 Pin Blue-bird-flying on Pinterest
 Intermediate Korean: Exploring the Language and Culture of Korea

· · · · ·

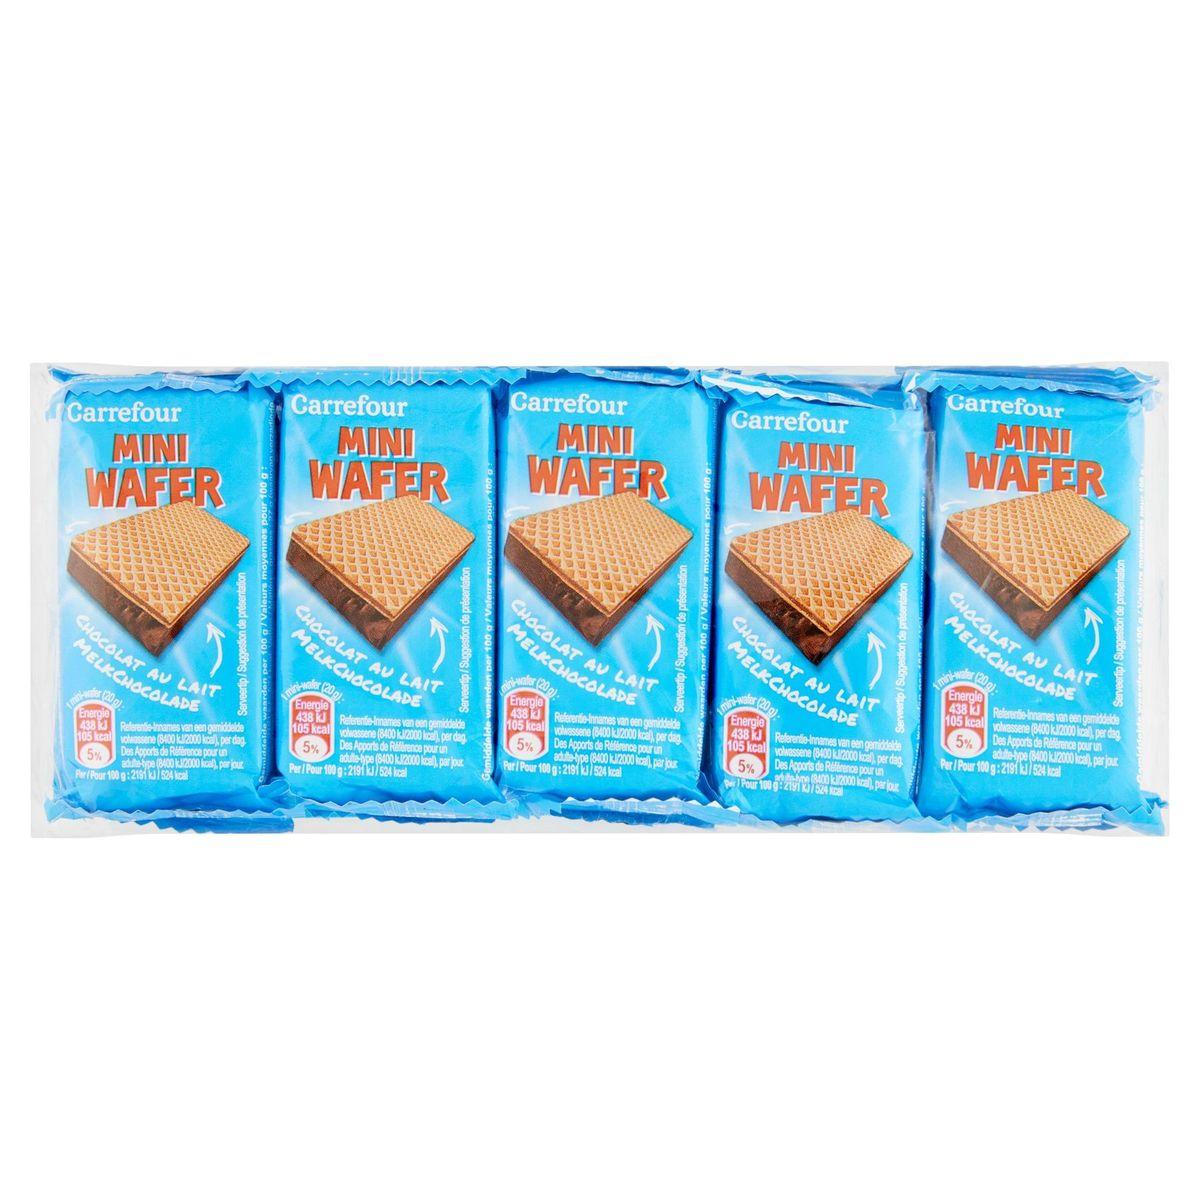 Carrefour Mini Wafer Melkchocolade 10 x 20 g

· · · · ·

• **PROBLEM DESCRIPTION**
Search the listing above for the lines with "Pin Blue-bird-flying on Pinterest" and "Intermediate Korean: Exploring", then output those lines and all lines between them exactly.

• **EXERCISE RESPONSE**
 Pin Blue-bird-flying on Pinterest
 Intermediate Korean: Exploring the Language and Culture of Korea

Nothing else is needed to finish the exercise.